Point mutation is called mutation in a gene in which one base pair in the DNA sequence is altered. Such that in above example G is mutated or altered to A.
There are two types of point mutations:
– transition mutations
– transversion mutations.
As above example in question shows example of transition. It is a point mutation that changes a purine nucleotide to another purine (A to G) or a pyrimidine nucleotide to another pyrimidine (C to T).
In translation, RNA copied from DNA is transformed to amino acids during protein synthesis, point mutations appear as modifications in the final protein product.

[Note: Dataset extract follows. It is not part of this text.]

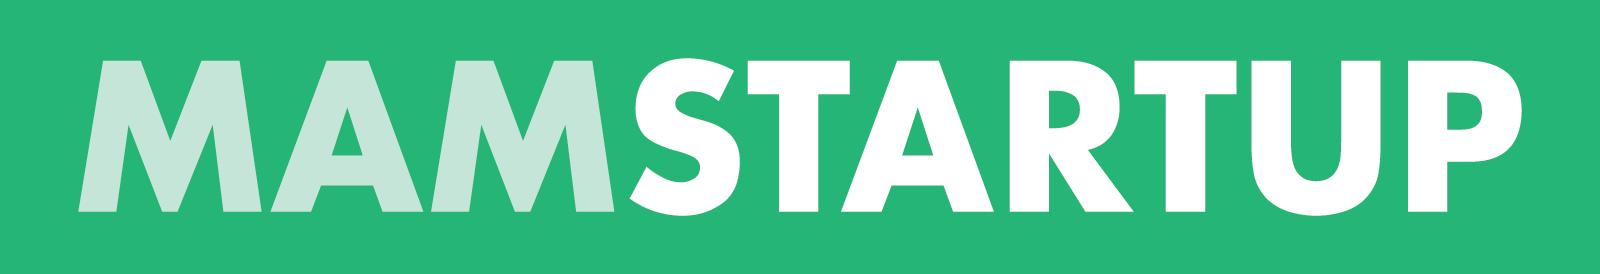 Mam-Startup-logo.png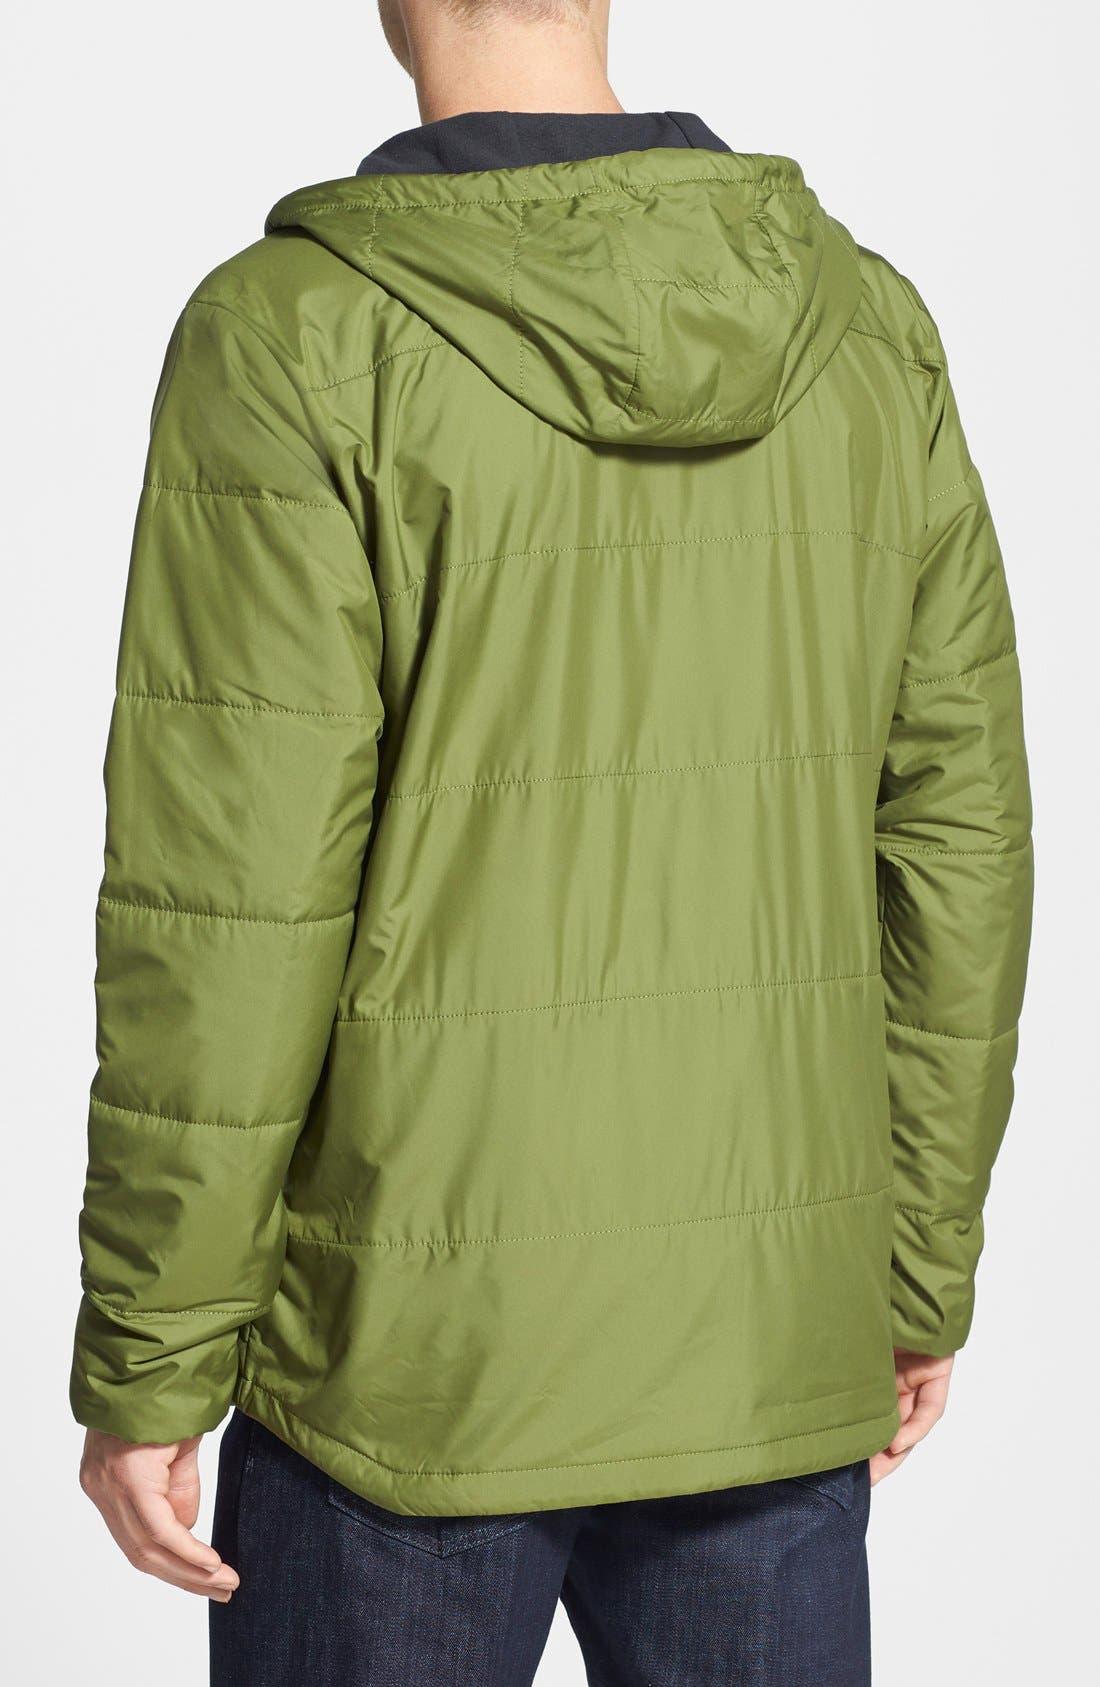 Alternate Image 2  - The North Face 'Meeks' Water Resistant Heatseeker Insulated Jacket

Thus, there exist useful groupings for factor mutations. These groupings are divided into :
How they affect protein structure:
Silent mutations bring about a brand new codon (a triplet nucleotide series in RNA) that codes for the identical amino acid because the wild kind codon in that function. In a few silent mutations the codon codes for a unique amino acid that happens to have the same houses because the amino acid produced by the wild type codon.
Missense mutations contain substitutions that result in functionally extraordinary amino acids; those can cause alteration or lack of protein feature.
Nonsense mutations, which might be a intense kind of base substitution, bring about a prevent codon in a role wherein there was no longer one earlier than, which reasons the untimely termination of protein synthesis and, more than probably, a complete lack of function within the finished protein.